Yo le devolví el saludo, y Grim bajó al suelo para pasearse por la habitación y hacer su inspección matinal de todos los rincones. Yo rompí un trocito de tostada para él y lo puse en un platito en el suelo antes de servirme. Entonces me giré hacia Brisbane.

−¿Se han peleado porque Plum trabaje en tu negocio?

Brisbane asintió.

−Su señoría considera que la empresa no es adecuada para nadie con un nacimiento tan elevado como Plum −dijo con ligereza.

Sin embargo, yo me pregunté si la desaprobación de mi padre le producía dolor. En realidad, era algo terriblemente desagradecido por parte de mi padre. Brisbane le había salvado la vida en una ocasión, y había salvado el honor de la familia más veces de las que yo podía contar.

−Te advertí que sería difícil −murmuré−. Y sobre todo ahora. Portia dice que ha tenido muchas discusiones con Auld Lachy.

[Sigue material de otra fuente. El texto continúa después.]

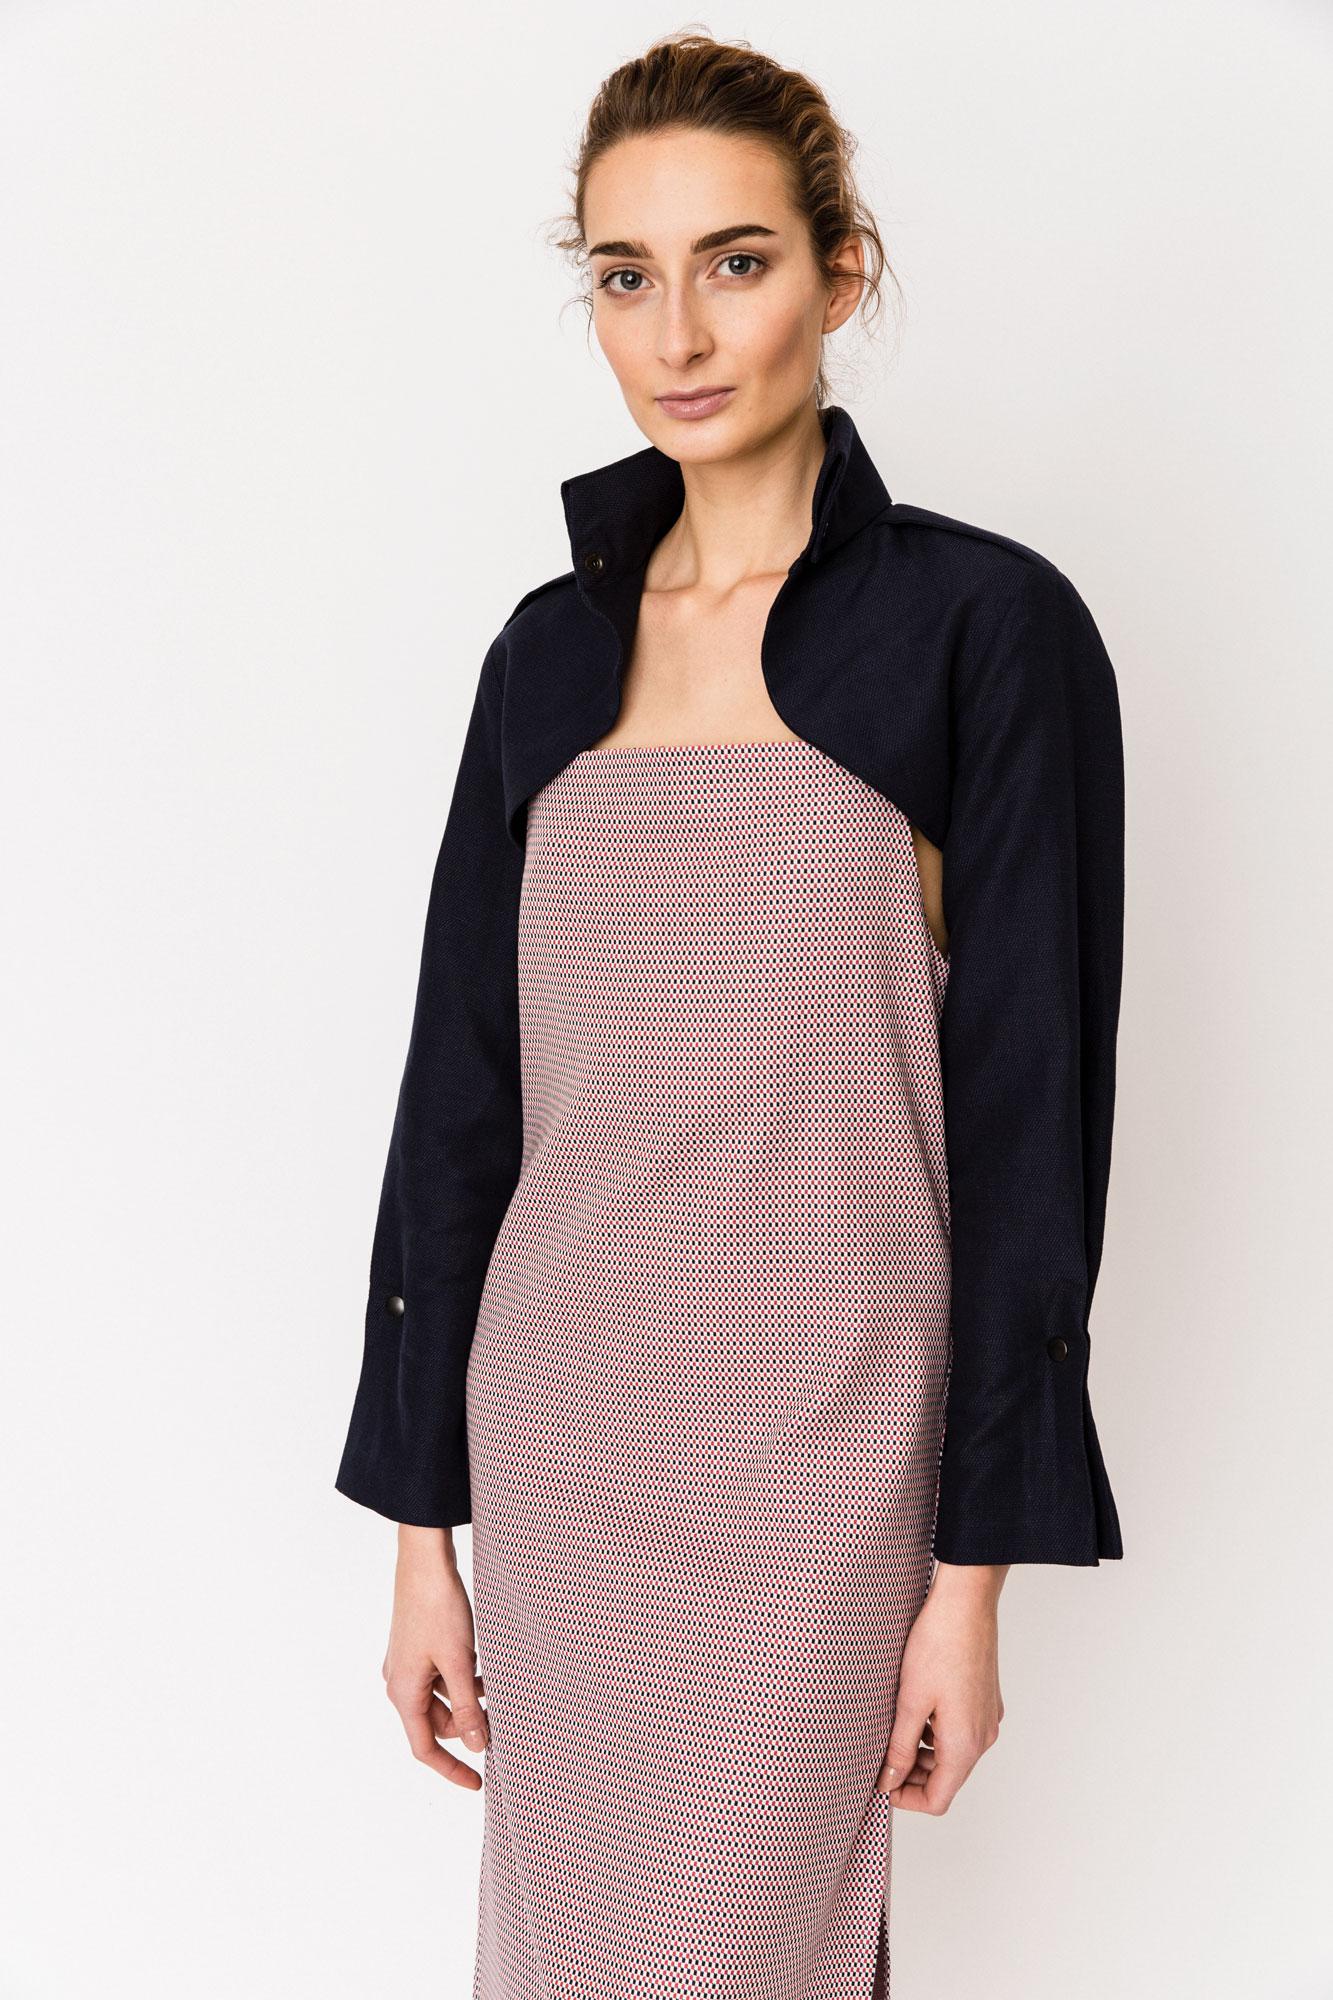 S18-04Inspect_Dress6

Las peleas de mi padre con su ermitaño se habían vuelto tan acaloradas que Homero podría haber escrito un poema épico sobre ellas. Y no había servido de nada que yo le dijera a mi padre que, en primer lugar, era absurdo tener un ermitaño en el centro de la ciudad. Sin embargo, era lo que debía esperarse mi padre; había contratado a Auld Lachy a través de un anuncio del periódico, y tal y como yo le recordé, uno nunca debía contratar a un ermitaño sin contar con las referencias adecuadas.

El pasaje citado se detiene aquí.